As developing nations continue to grow and investment dollars find their way overseas, international bond exchange traded funds (ETFs) may be the answer to portfolio diversification and risk minimization.
As ETFs continue to grow in popularity, they can offer investors exposure to international debt with relative ease. The reasons behind gaining exposure to international debt include spreading out the sensitivity of U.S. interest rate movements and playing currency exchange movements. However, Kyle Waller of Index Universe states that it is generally a better idea to use international bonds of developed nations rather than that of emerging nations.
It is equally important to consider the risks involved in dealing with international bond ETFs – in particular, the increase in default risk that is expected to be seen in some European nations (Know the risks of Bond ETFs). For this reason, it is important to completely understand what one’s investments hold.
A few international bonds to consider are:
- iShares S&P/Citi Intl Treasury Bond (IGOV), which carries an expense ratio of 0.35% . IGOV holds 44 different bonds with an average duration of 5.8 years and gives bond exposure to markets like Japan, the United Kingdom, France and Germany.
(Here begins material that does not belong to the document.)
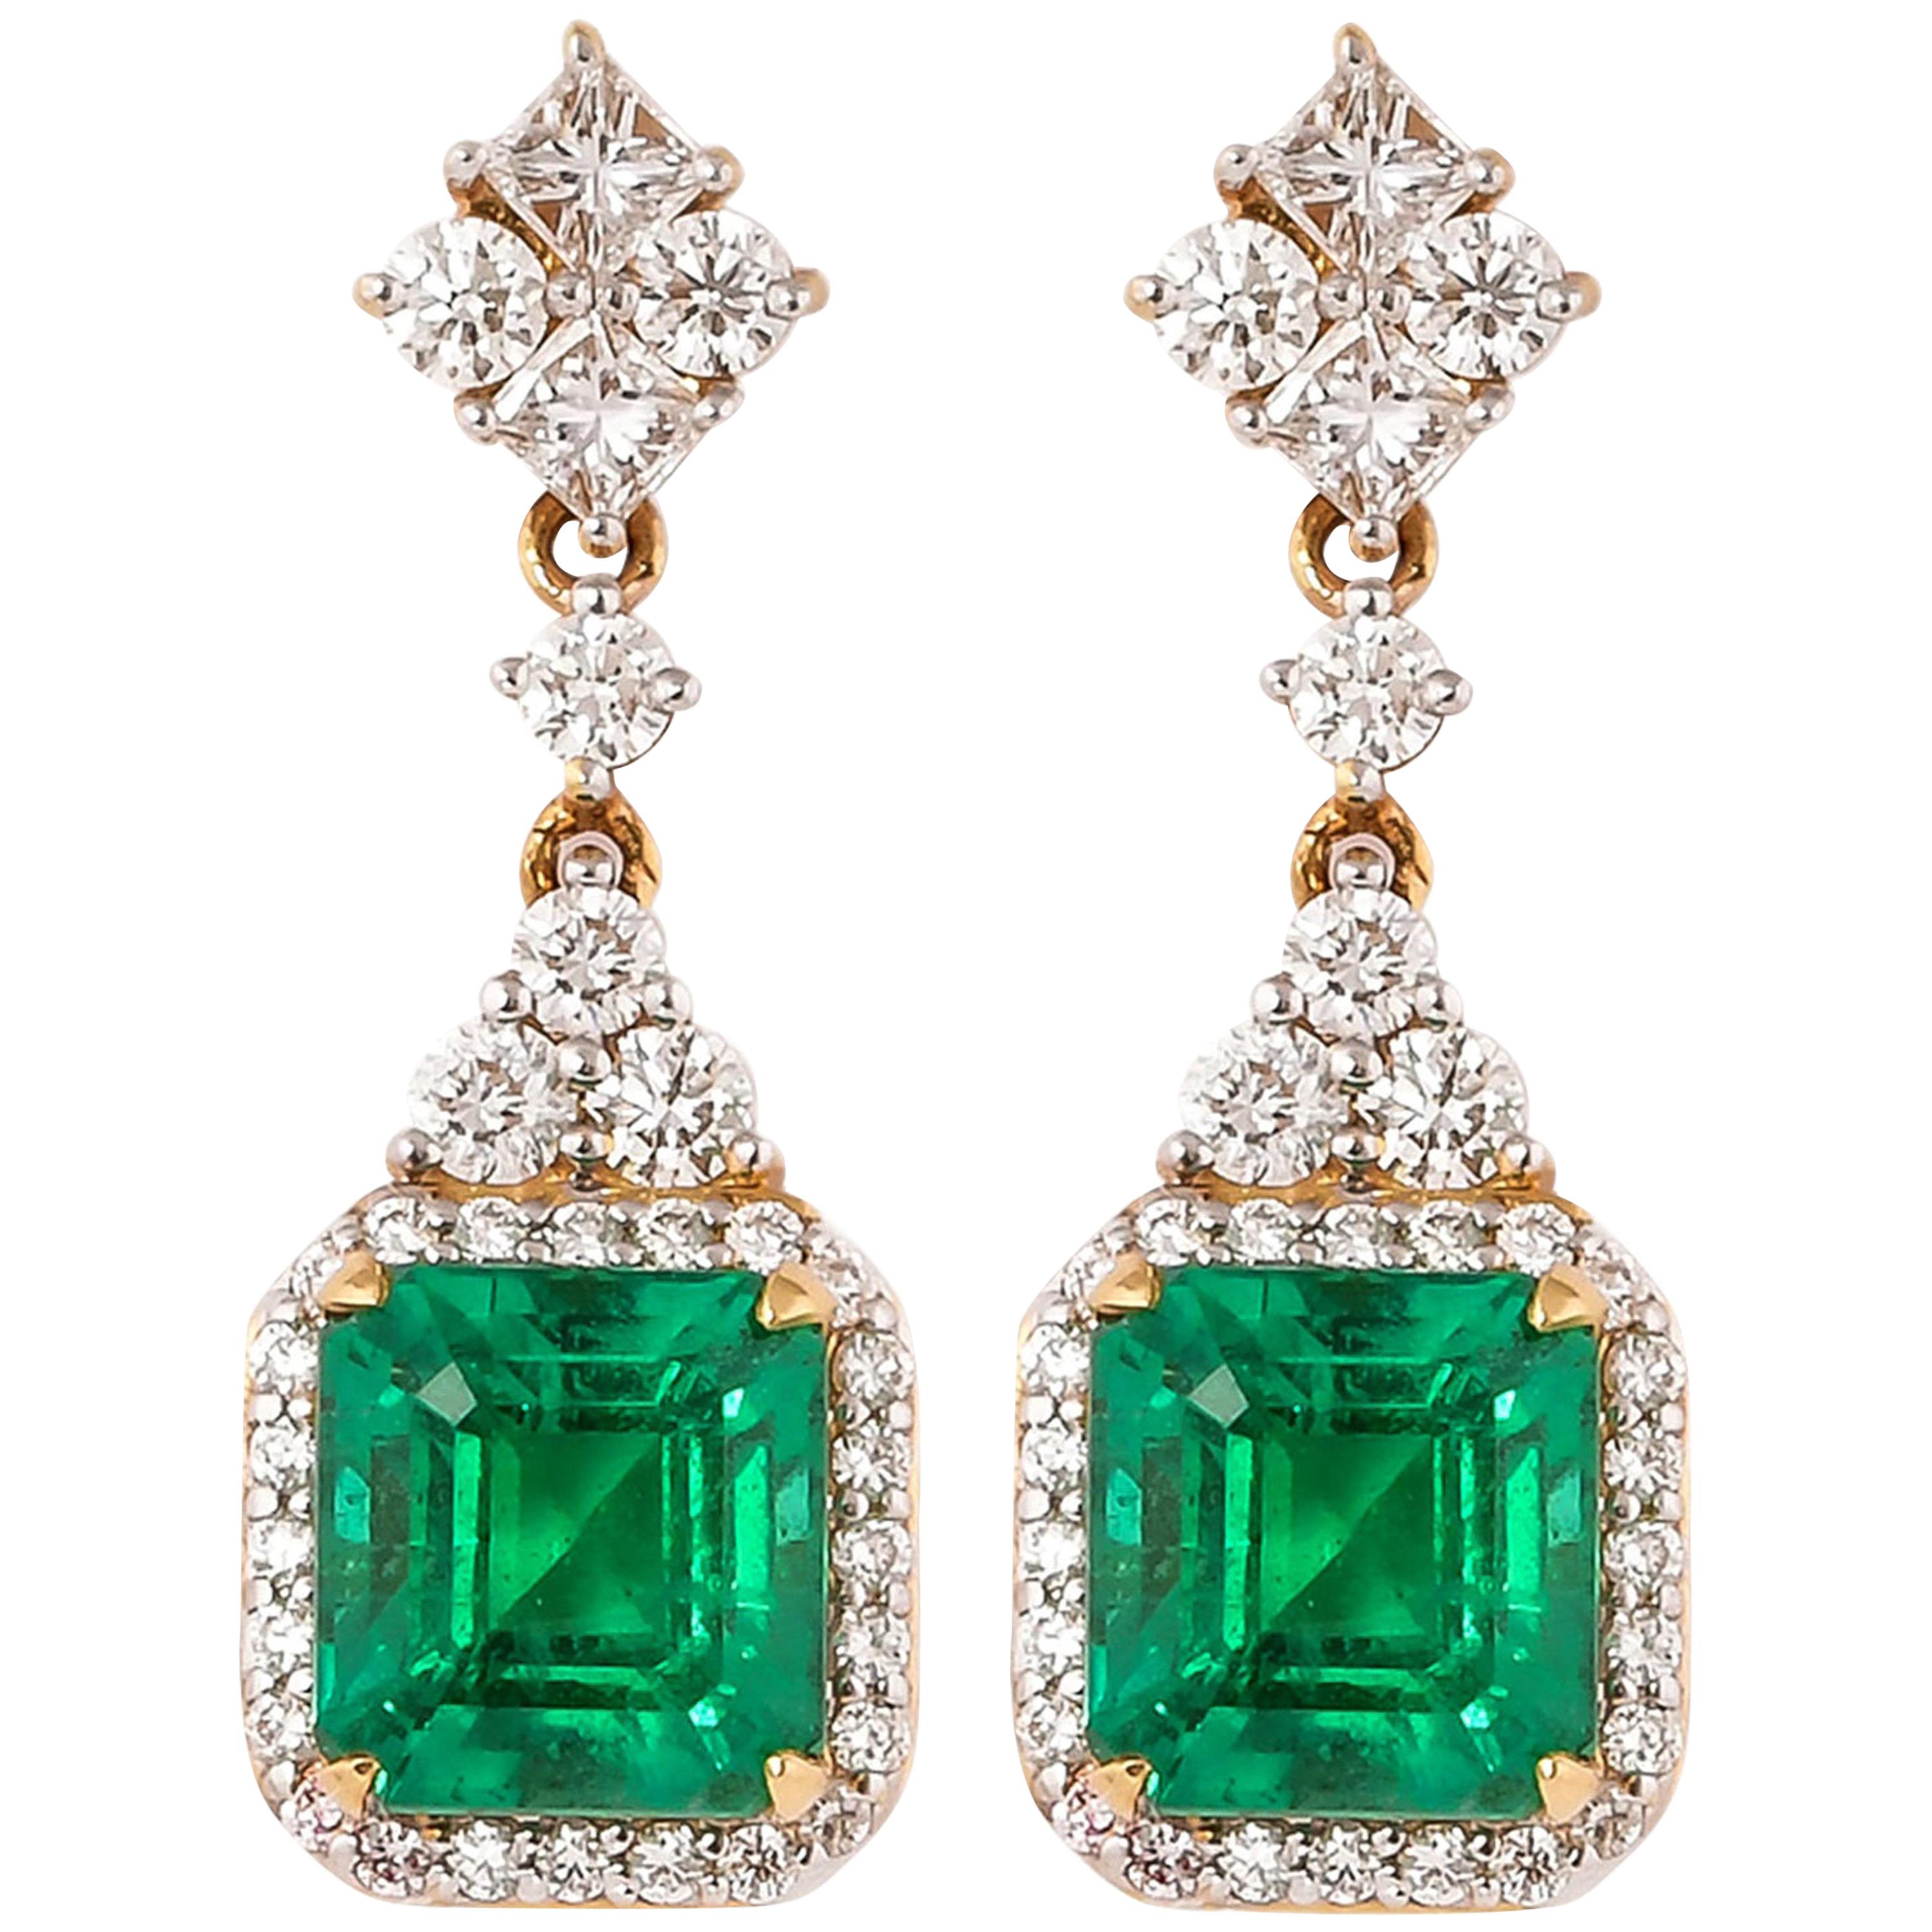 GRS Certified 5.0 Carat Emerald and Diamond Earrings in 18 Karat Yellow Gold For Sale

- iShares S&P/Citi 1-3 Yr Intl Treasury Bd (ISHG), which carries an expense ratio of 0.35 %. ISHG holds 26 bonds with an average duration of 1.67 years and gives exposure to markets like Japan, Belgium, Spain and Finland.
- SPDR Barclays Capital Intl Treasury Bond (BWX), which carries an expense ratio of 0.35%. BWX holds 82 different international bonds, is primarily focused on Japan, Germany and Italy and has an average duration of 6.1 years.